When you reach the line with "olde rman in Nepal - Shivaji Bista,86" in the listing below, write out that line and every one after it exactly, and skip the pictures.

Information provided ::
[Start of Attachment]

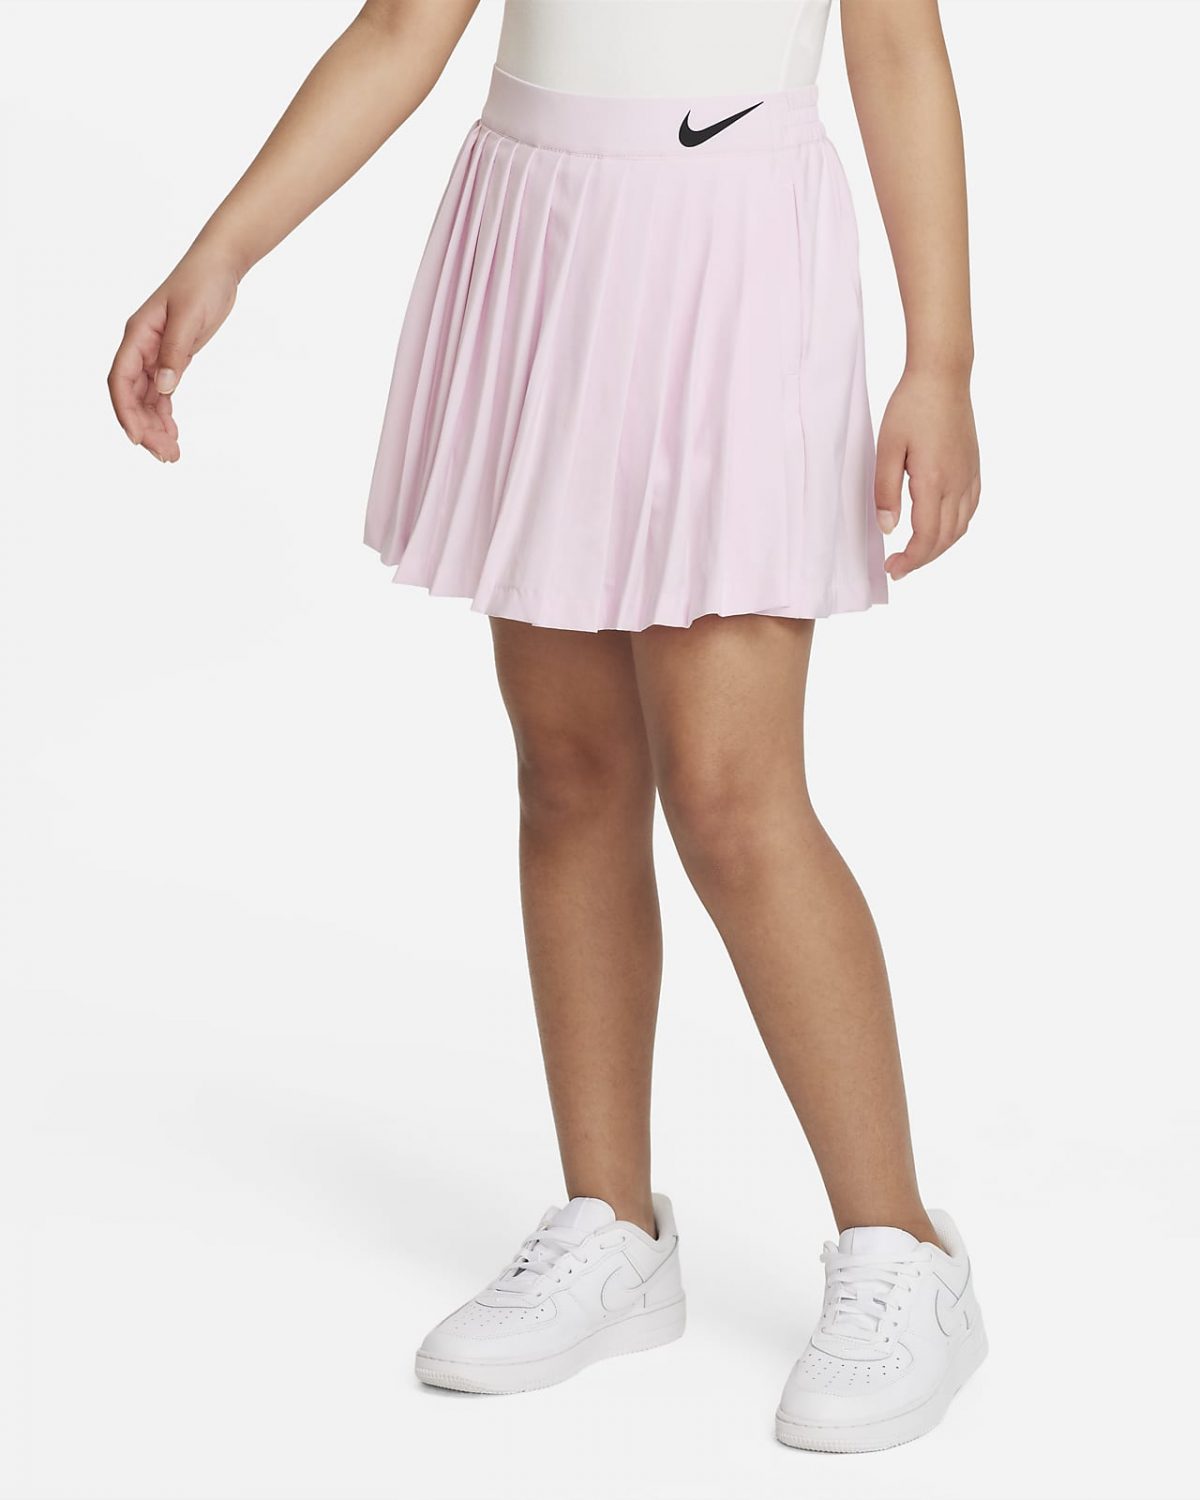 Детская юбка Nike Jelly фото
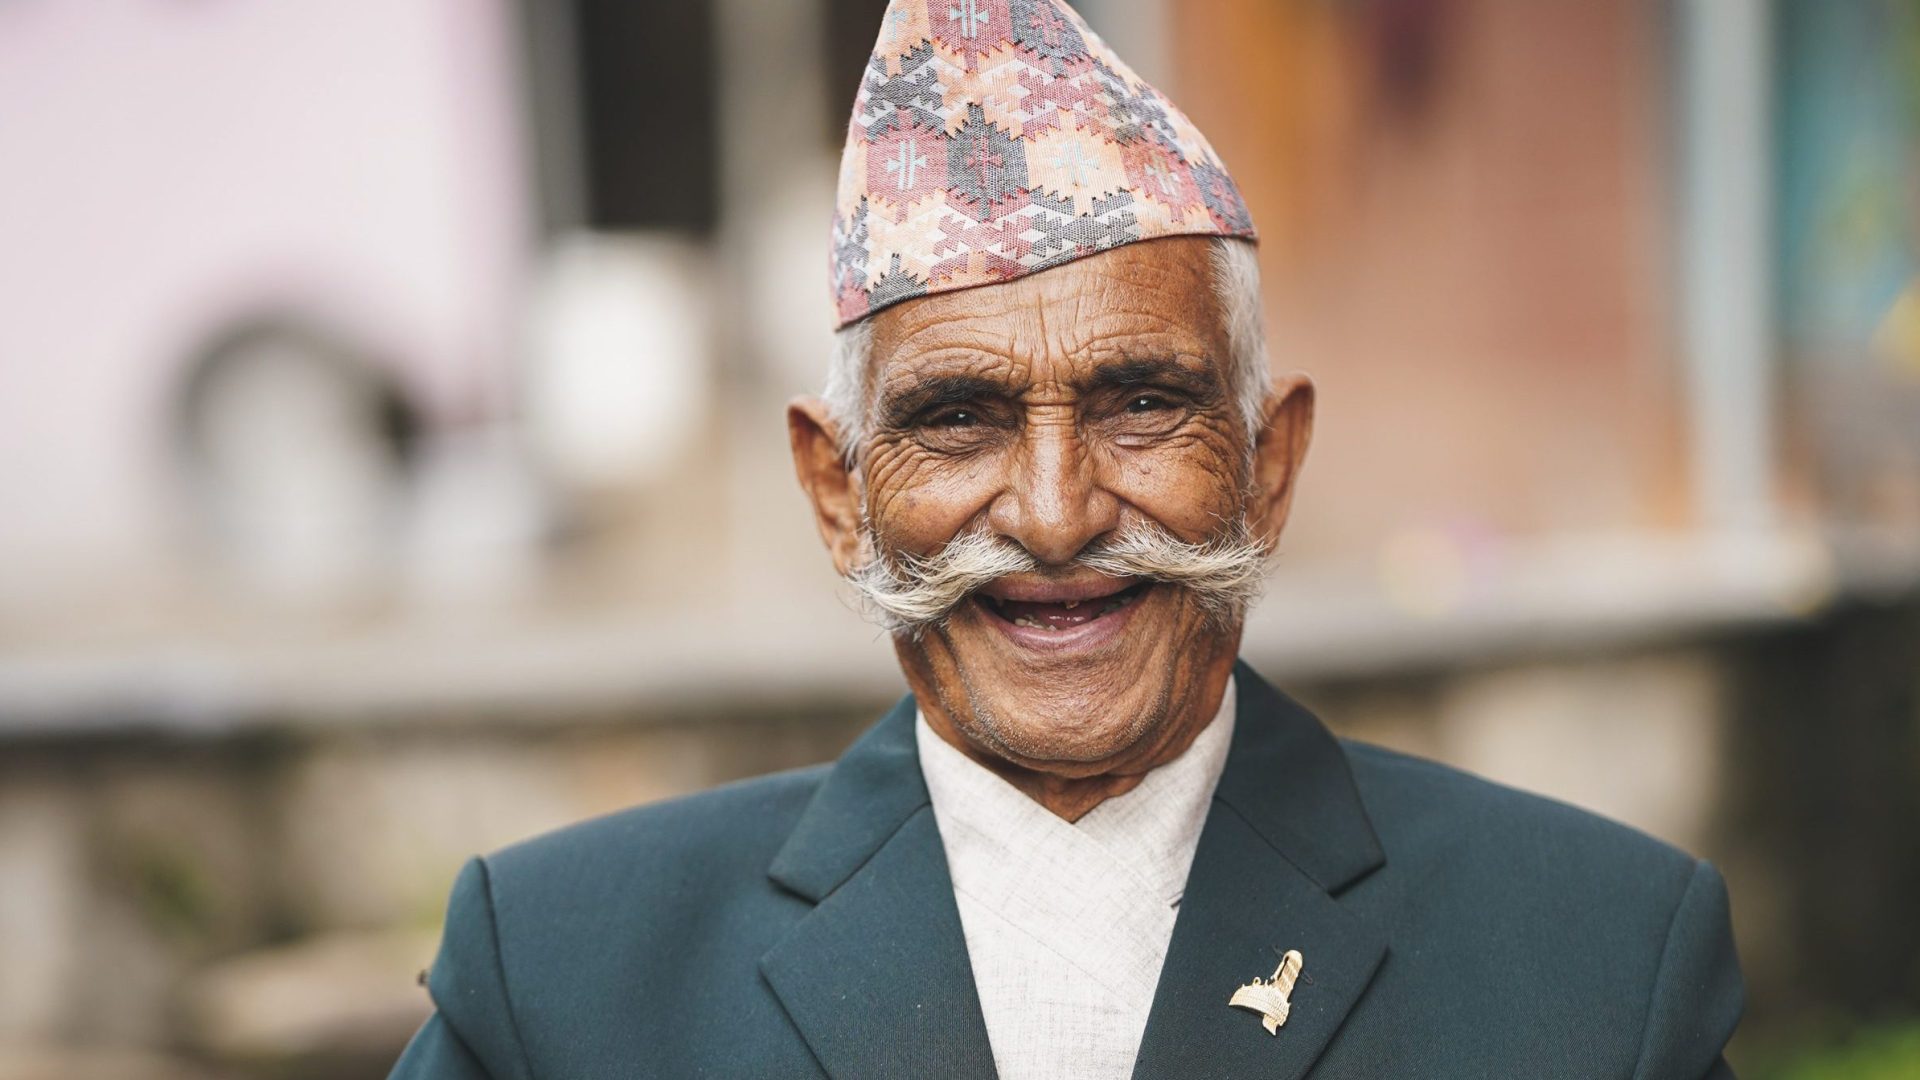 olde rman in Nepal - Shivaji Bista,86
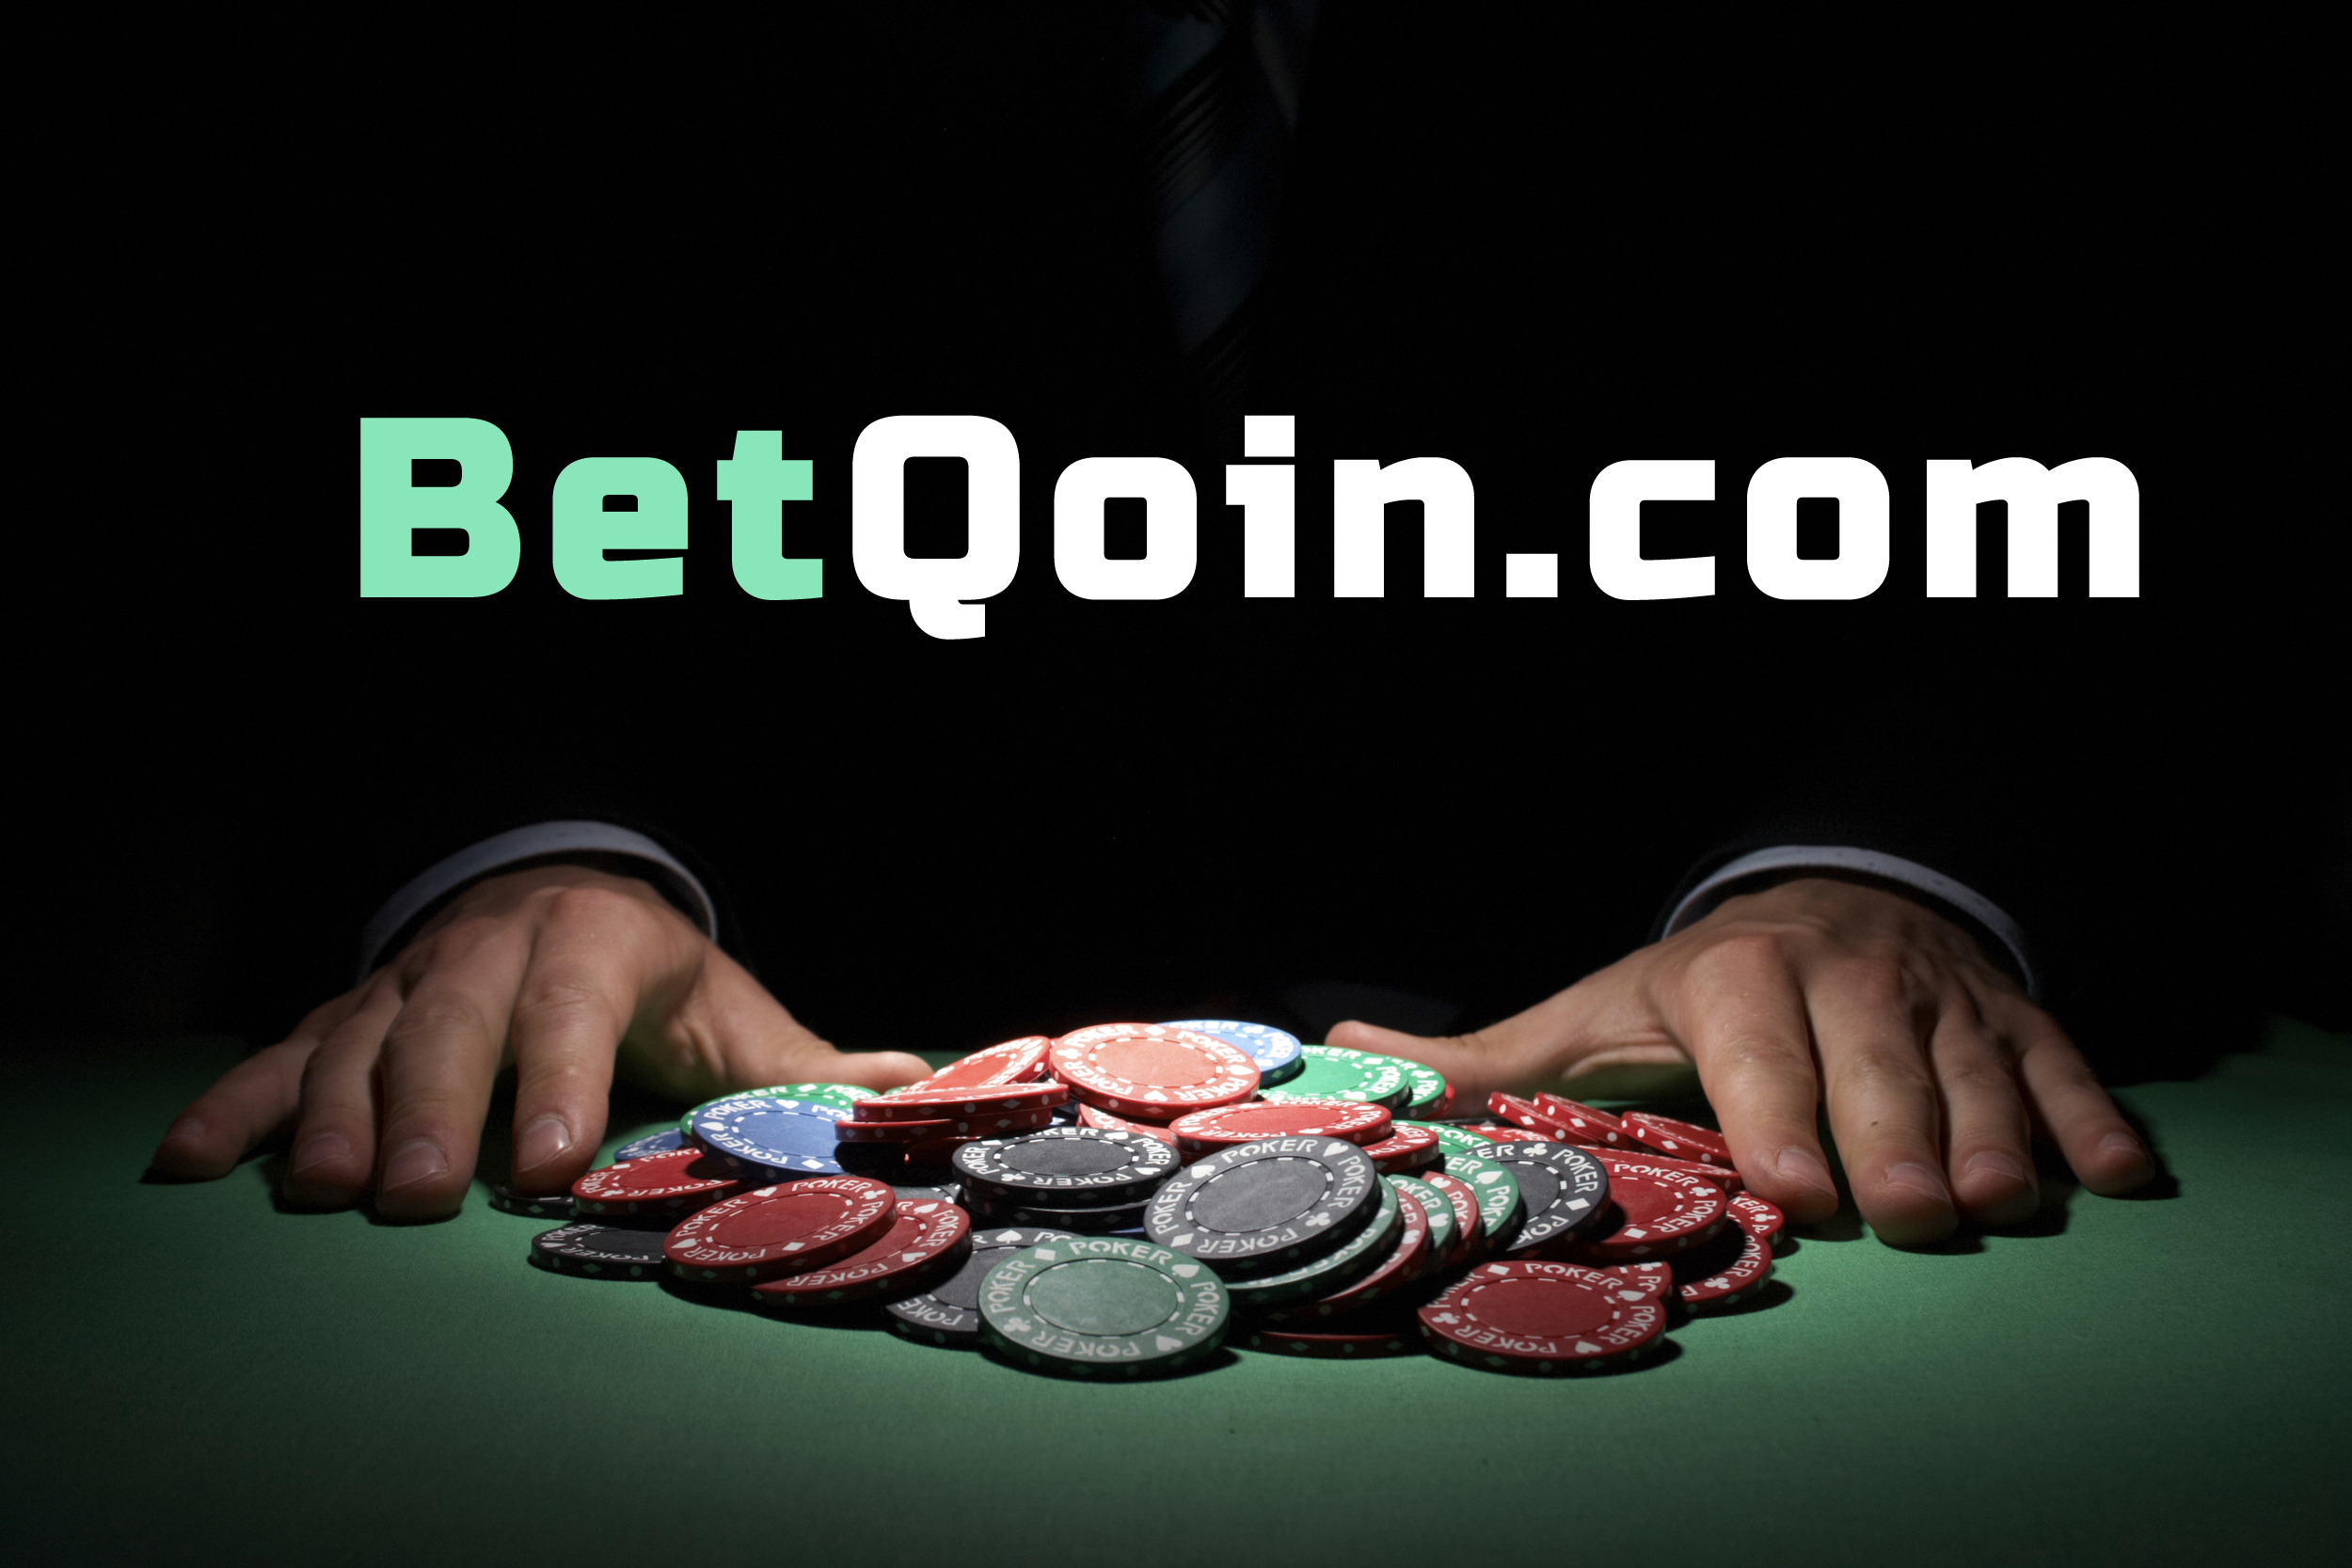 Poker+Chips+Vegas+bet+qoin+concept.jpg

[End of Attachment]

Result below ::
 olde rman in Nepal - Shivaji Bista,86
 Poker+Chips+Vegas+bet+qoin+concept.jpg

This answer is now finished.